Monday, Aug. 14, 1978

Keeping New York Tidy

Not exactly the dog days of August in the Big Apple

To thousands of ordinary New Yorkers, the biggest problem afoot has been not fiscal but fecal. Unlike New York City's money troubles, the spread of dog excrement on the streets and parks long seemed insoluble and irreversible. Last week, after years of fruitless public clamor for an ordinance to ban canine littering, a state law went into effect that would levy a $25 fine on dog owners who let their pets defecate in any public area without cleaning up the act; the law applies to cities of more than 400,000. In New York City, 2,500 municipal workers, from cops to sanitation men, were authorized to issue summonses to any citizen failing to pick up after his pet.

Though most New Yorkers' initial reaction was that the law is probably unenforceable, retailers reported brisk sales of sanitary devices ranging from 15-c- disposable cardboard shovels to $11 long-handled pooper scoopers equipped with a flashlight for nocturnal emitters. One apartment complex unveiled a canine comfort station, whose white-tiled premises were dutifully christened by Toto (ne Megs), Dorothy's dog in the Broadway musical The Wiz. On the first day of the law, only 22 litter tickets were issued; yet to close observers of sidewalks and parks, there was a marked diminution in dog litter and lots of owners were carrying bags. This may only be temporary. A few cities, notably Chicago and Boston, have had some success with similar ordinances. Other cities have not.

Seizing on a story with, so to speak, grass-roots appeal, some metropolitan newspapers and broadcasters devoted more space and time to the cleanup issue last week, than they did to the terrorist attack at the Iraqi embassy in Paris or anything going on in Congress. The New York Post banner headlined a front-page story, CITY DOG OWNERS DOING THEIR DUTY. The Daily News ran daily features on "poopetrators," concluding in one headline, ON THE FIRST DOG DAY MORNING, CRIME IS DROPPING. The New York Times editorialized that it was "one of those delicate moments of social experiment when every citizen's attitude can make a difference."

Radio stations in Washington, D.C., and Baltimore produced solemn coverage of the canine crisis in New York. The situation even merited a full 2 1/2 minutes on the CBS Evening News with Walter Cronkite. Whether they played it funny or somber, it was a trying topic for newswriters faced with the basic problem of finding bowdlerisms for two very basic four-letter words.

As with most other urban headaches, the problem is more serious in New York than in any other community. The city's estimated 1.4 million dogs dump some 125 tons of feces daily--not to mention 100,000 gal. of urine. This is not merely an aesthetic and emotional issue between dog owners and doo-dodgers, but a matter of health as well, since the minute roundworm eggs excreted by many dogs can be transmitted to humans, particularly children, and can ultimately affect the kidneys, liver, lungs, brain and eyes.

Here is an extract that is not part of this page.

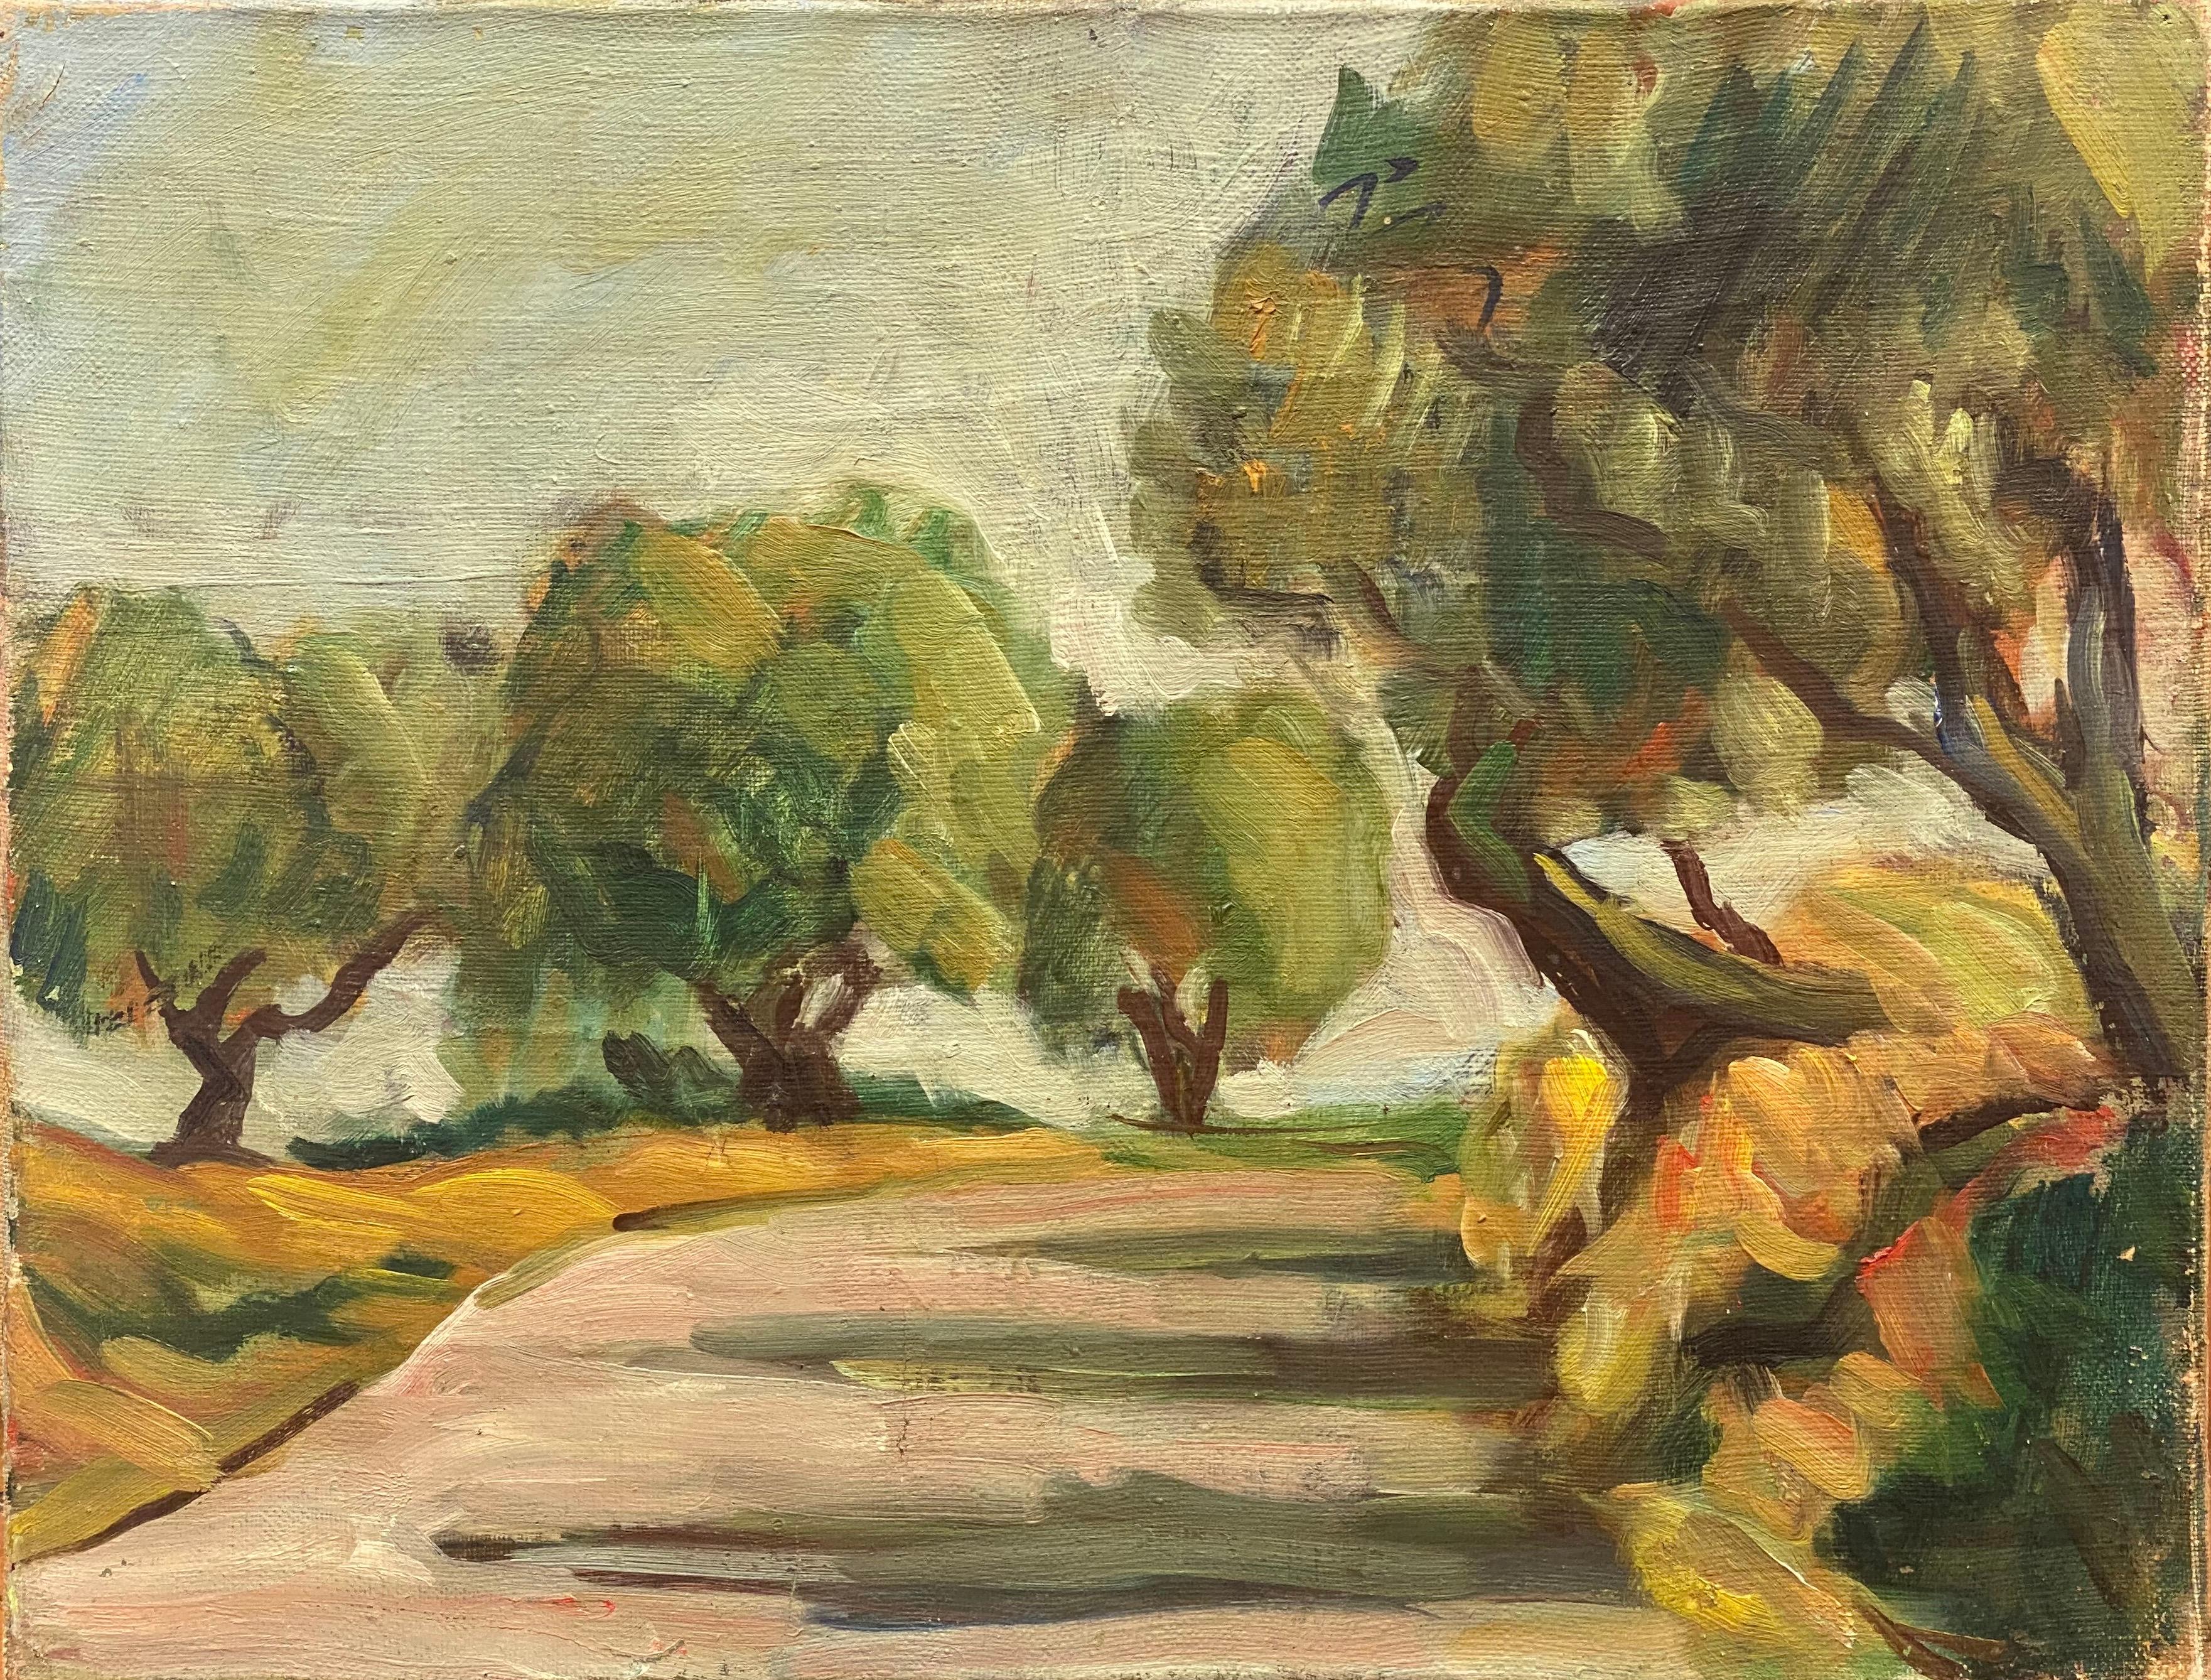 Landscape Painting 1950's French - Huile impressionniste française des années 1950 - Chemin de campagne provençal éclairé par un soleil
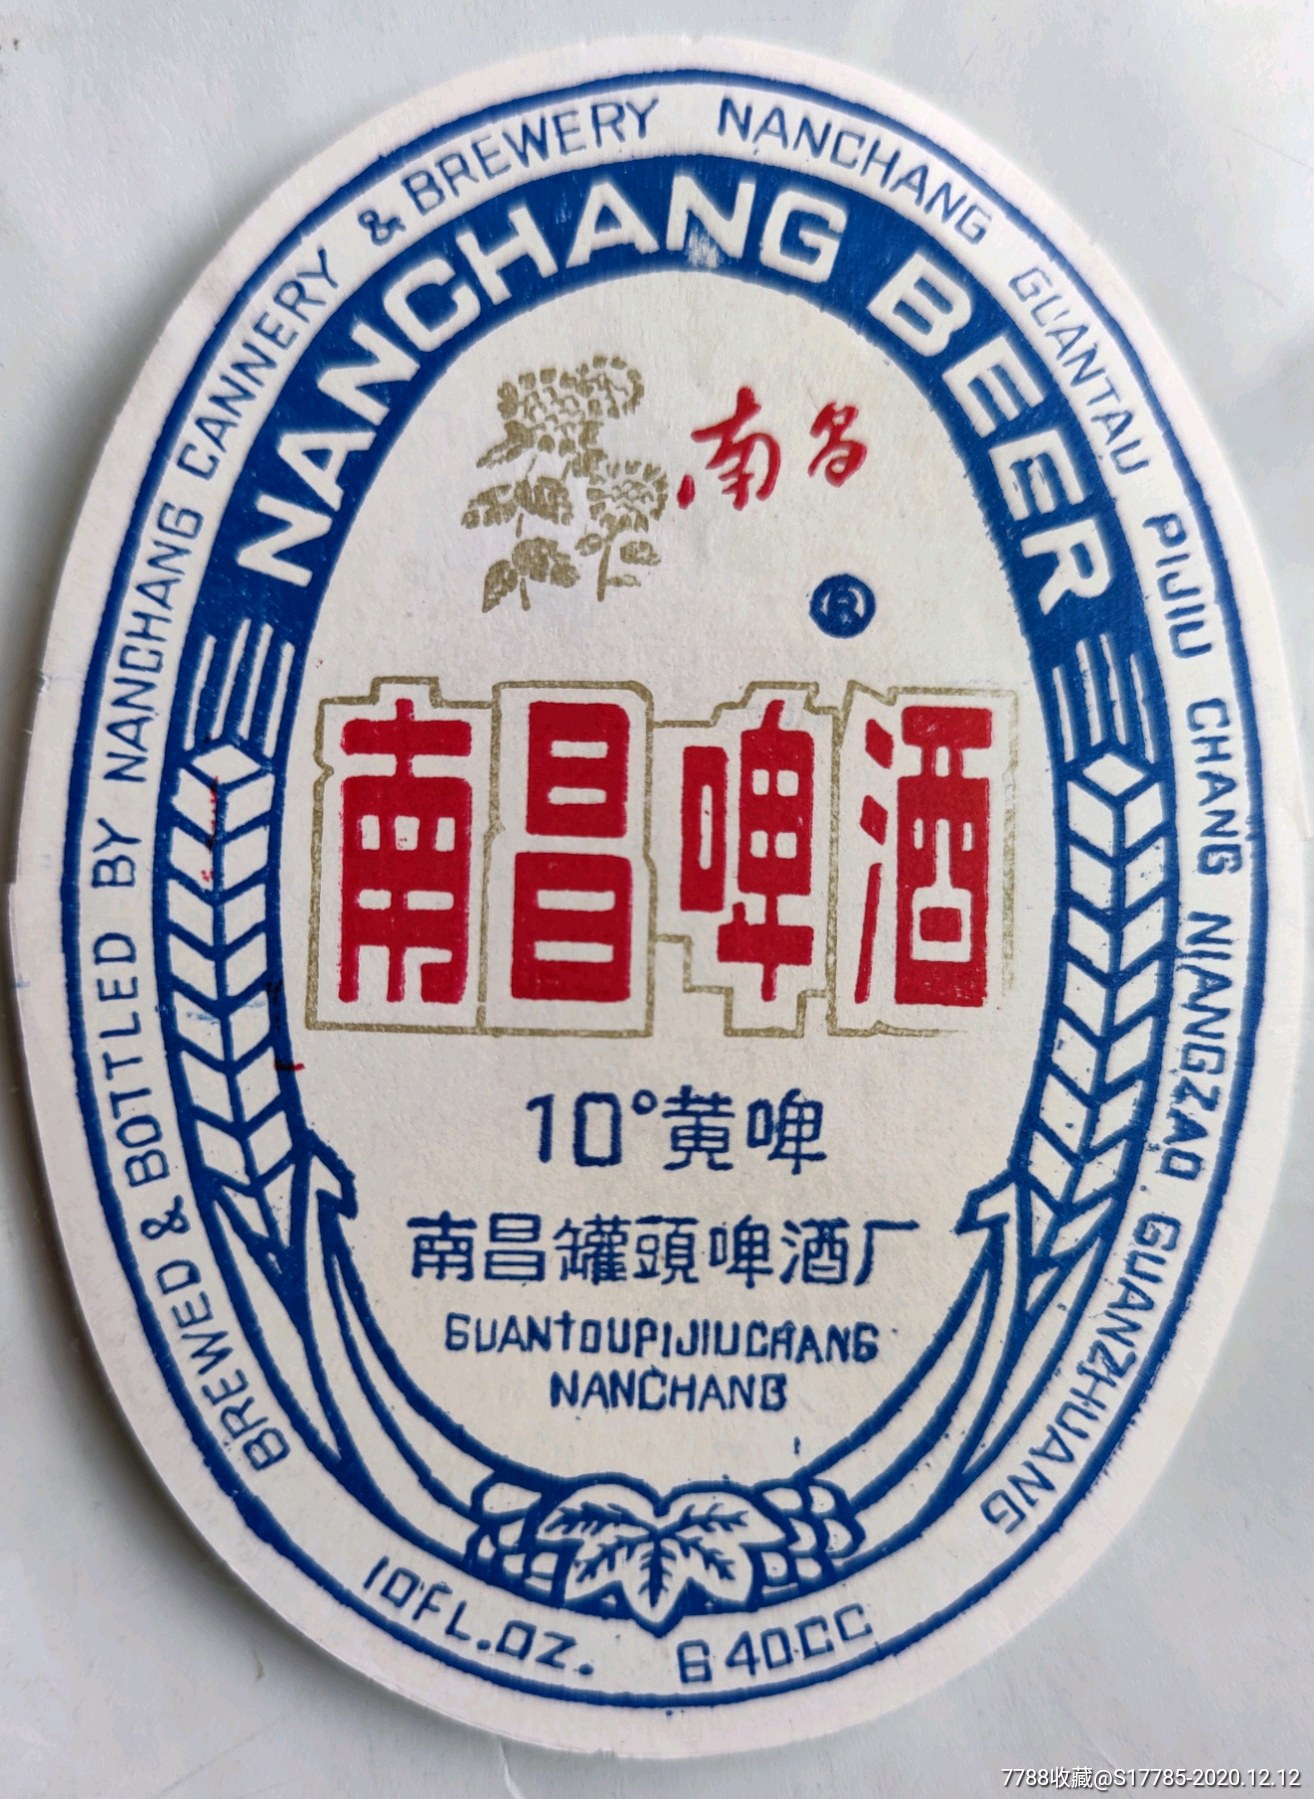 普通南昌啤酒图片

Some authorities have seriously proposed that 1) all dogs be banned from big cities; or 2) that they be subject to prohibitive licensing fees; or 3) that they be trained to use domestic toilets, as many European pets do. The ultimate answer probably is not stiffer laws or stronger enforcement teams but a matter of public education. It is not dogs that need to be trained, but dog owners.